== DATA FOR REVIEW

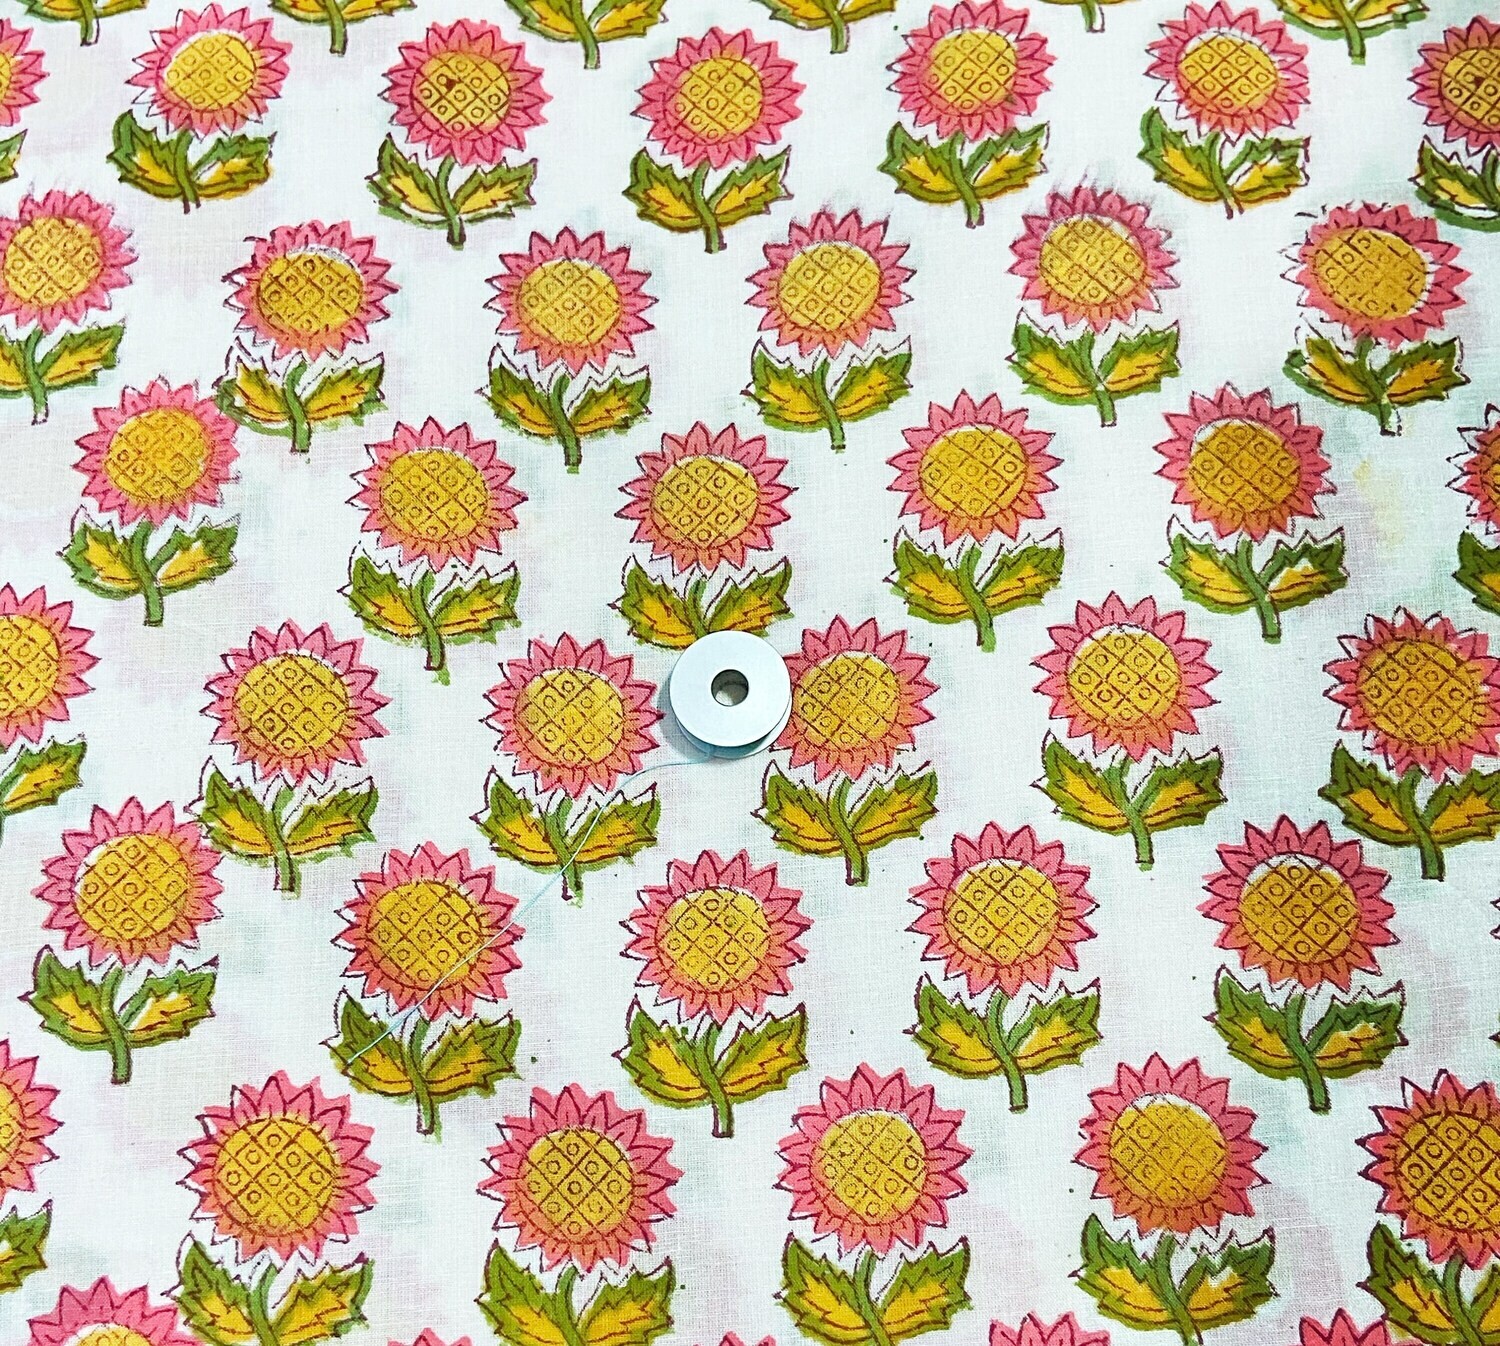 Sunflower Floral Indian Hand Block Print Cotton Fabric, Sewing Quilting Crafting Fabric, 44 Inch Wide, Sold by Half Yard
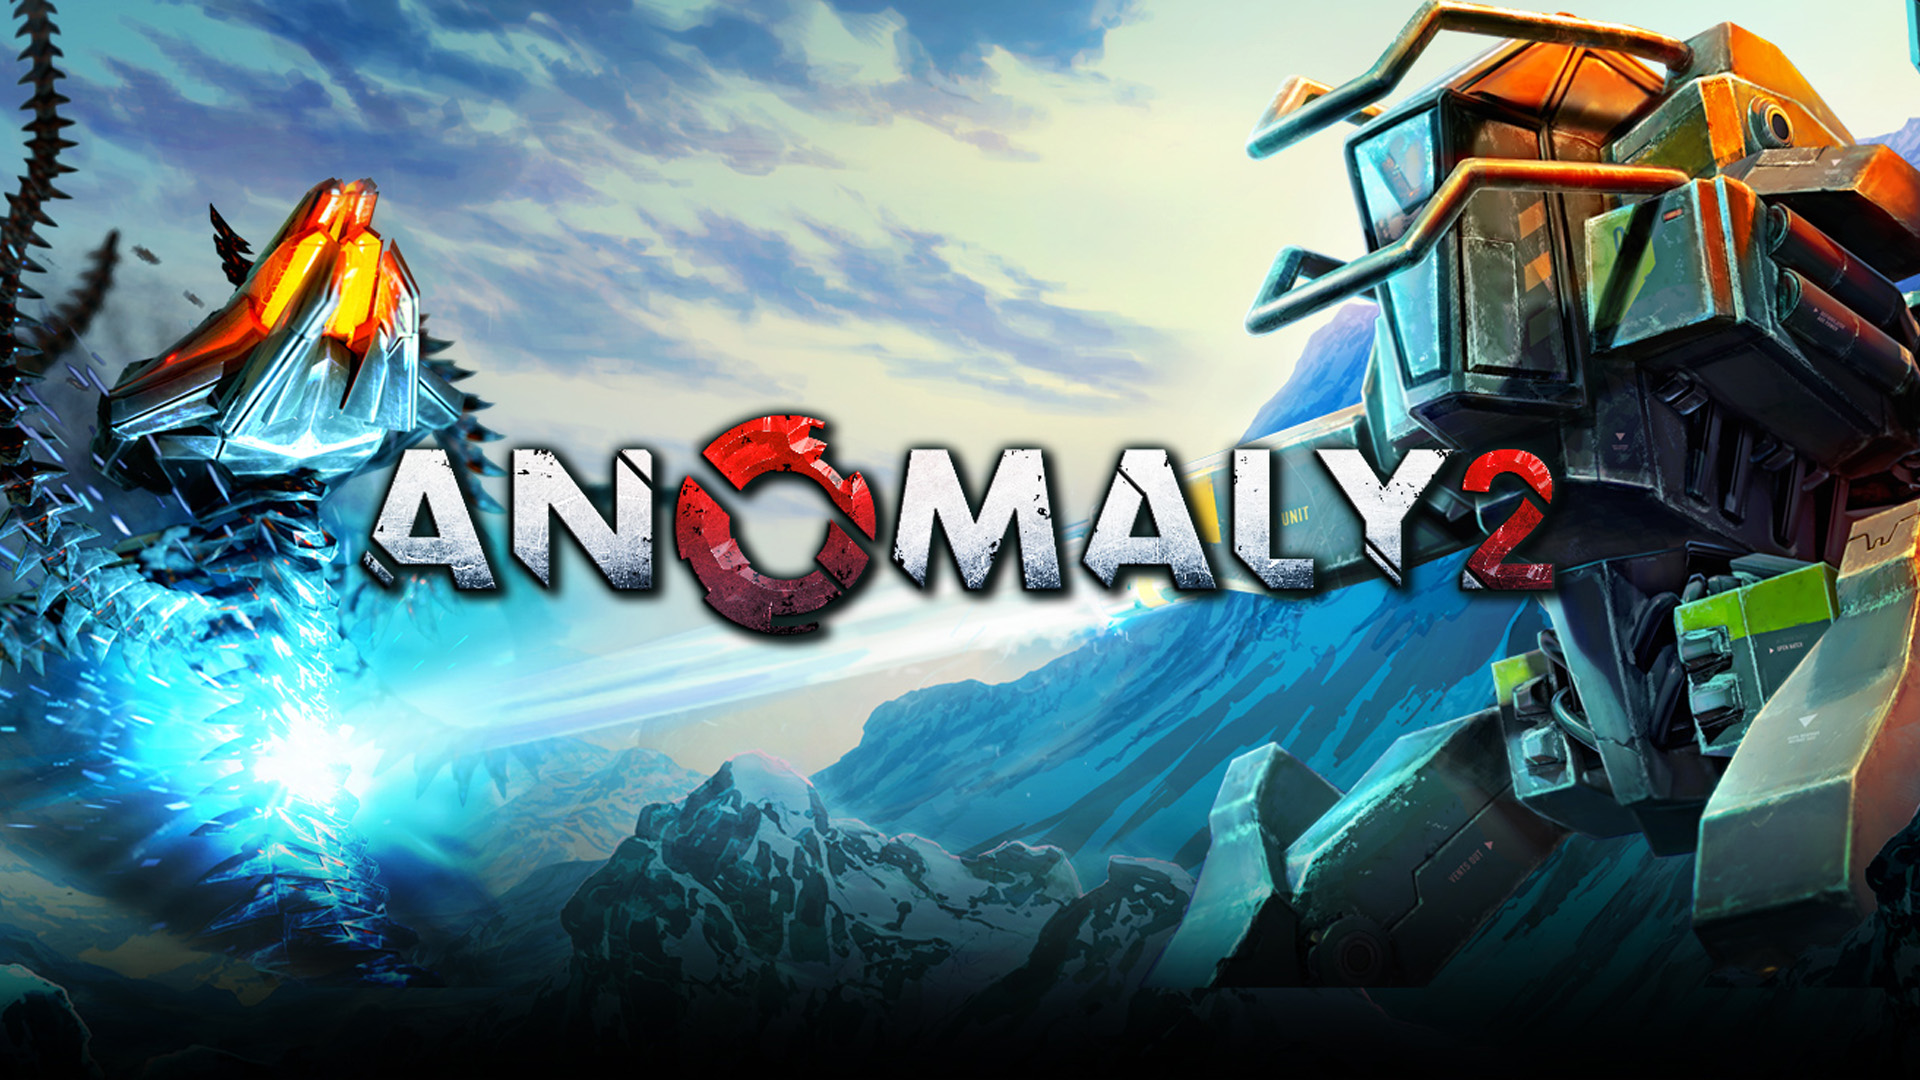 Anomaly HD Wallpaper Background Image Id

====
== DATA FOR REVIEW

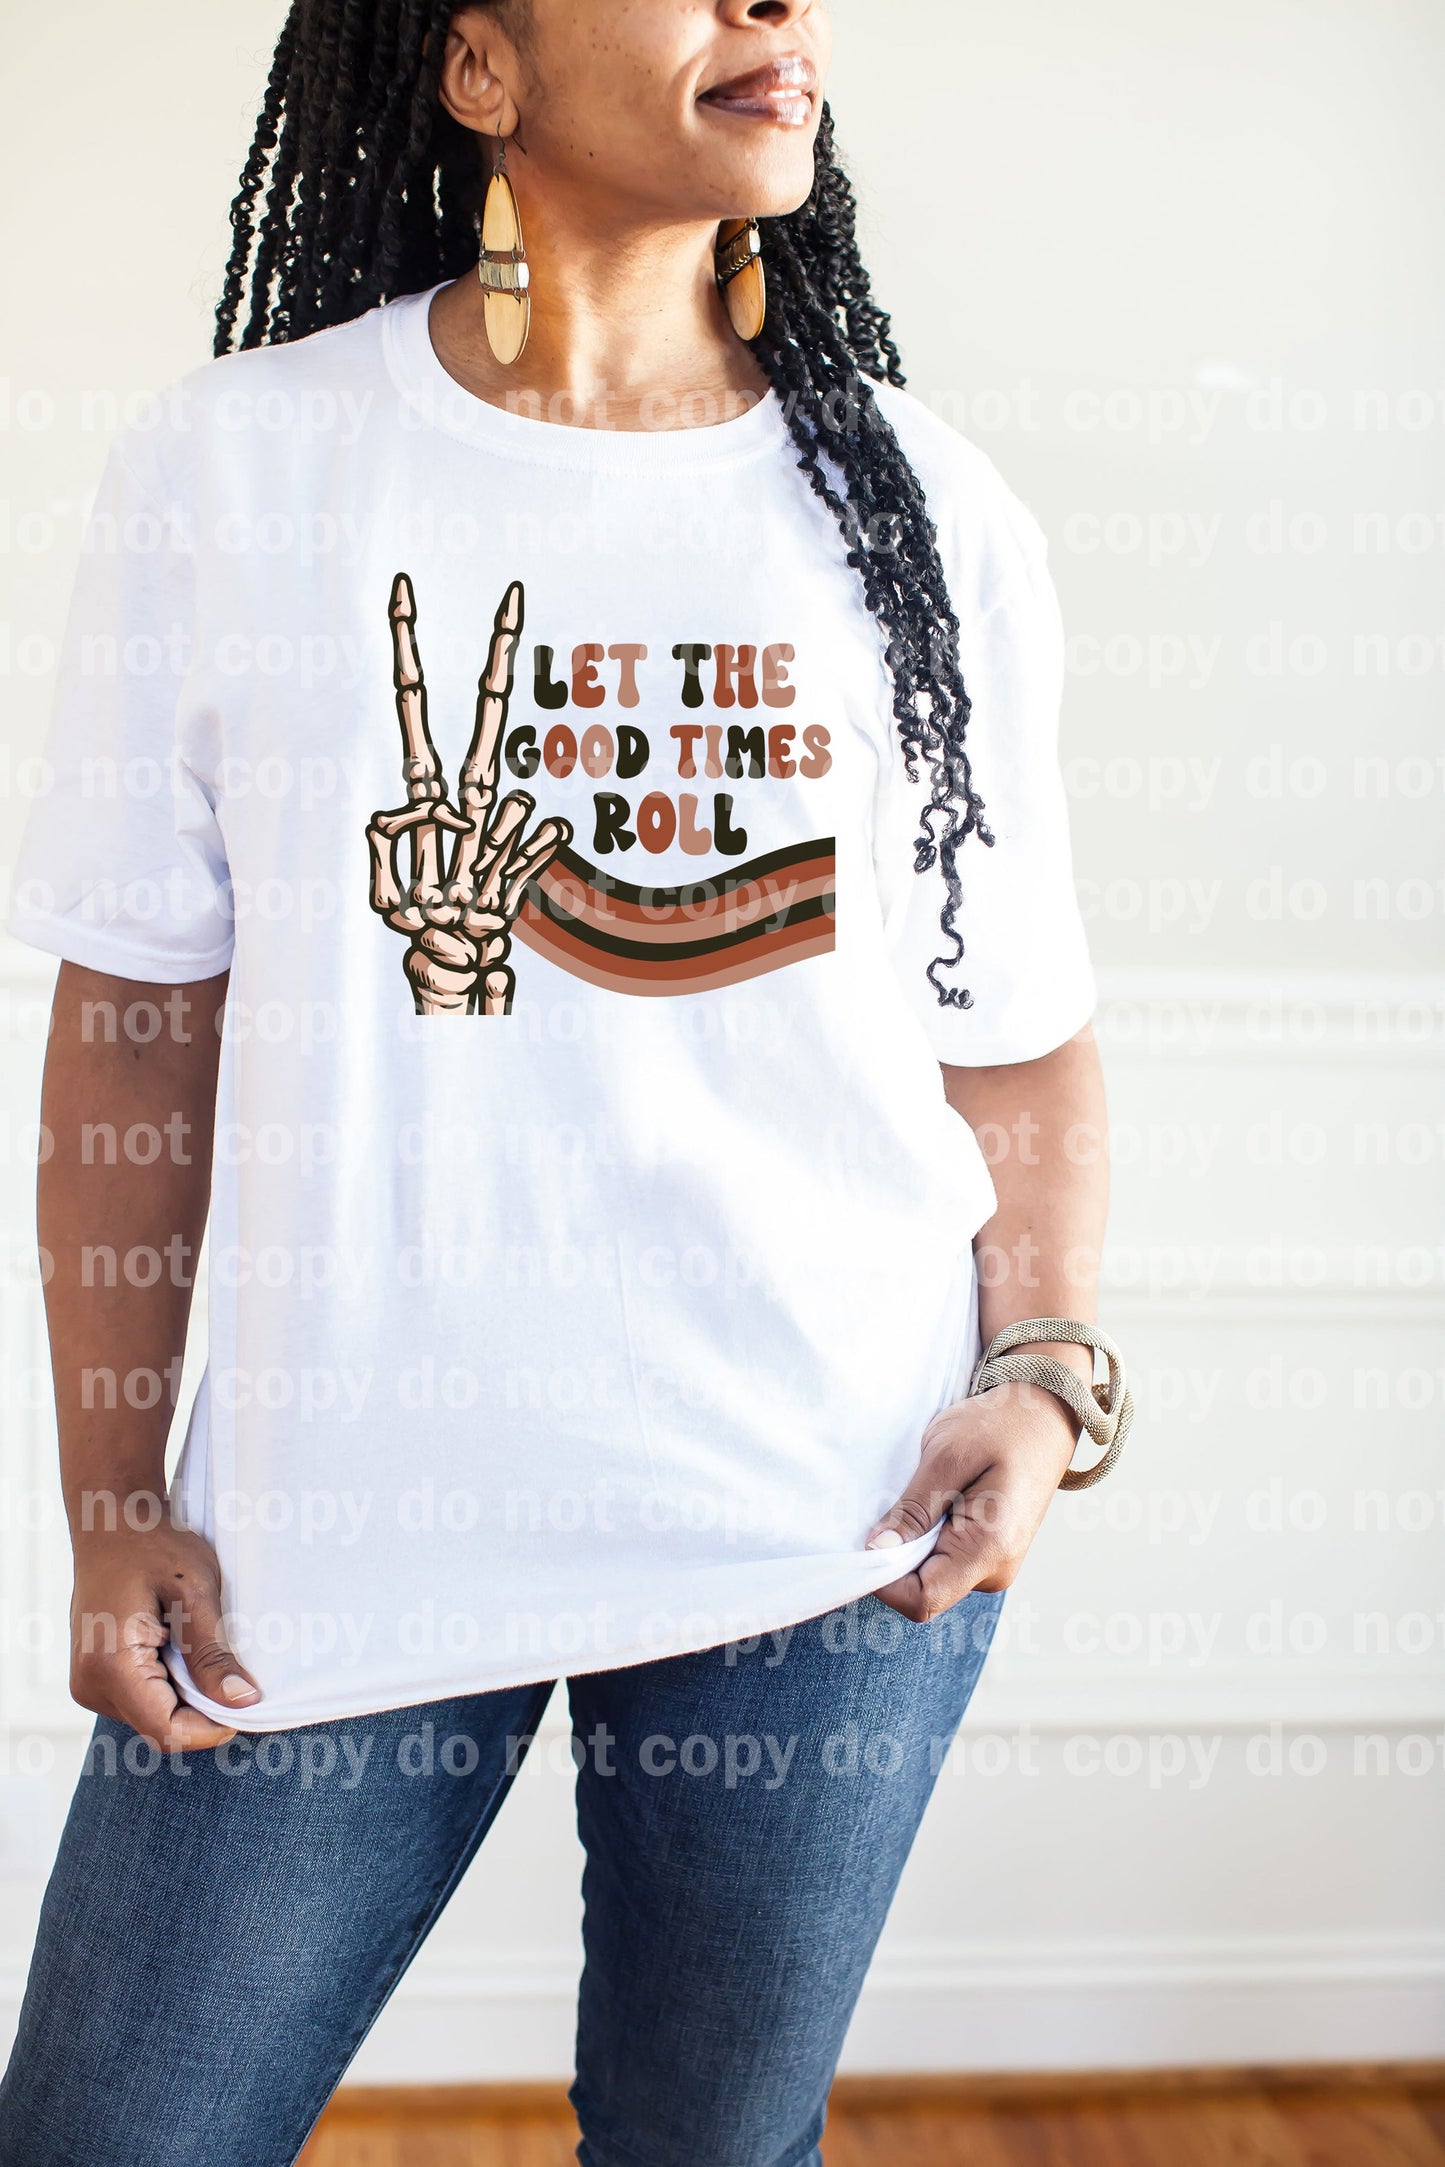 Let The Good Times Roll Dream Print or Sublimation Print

====

Only the lines above from the one with "Sunflower Floral Indian" to the one with "Anomaly HD Wallpaper Background Image Id" should be printed, both included and exactly as written; no picture belongs in the copy.

= RESPONSE AREA =
 Sunflower Floral Indian Hand Block Print Cotton Fabric, Sewing Quilting Crafting Fabric, 44 Inch Wide, Sold by Half Yard
 Anomaly HD Wallpaper Background Image Id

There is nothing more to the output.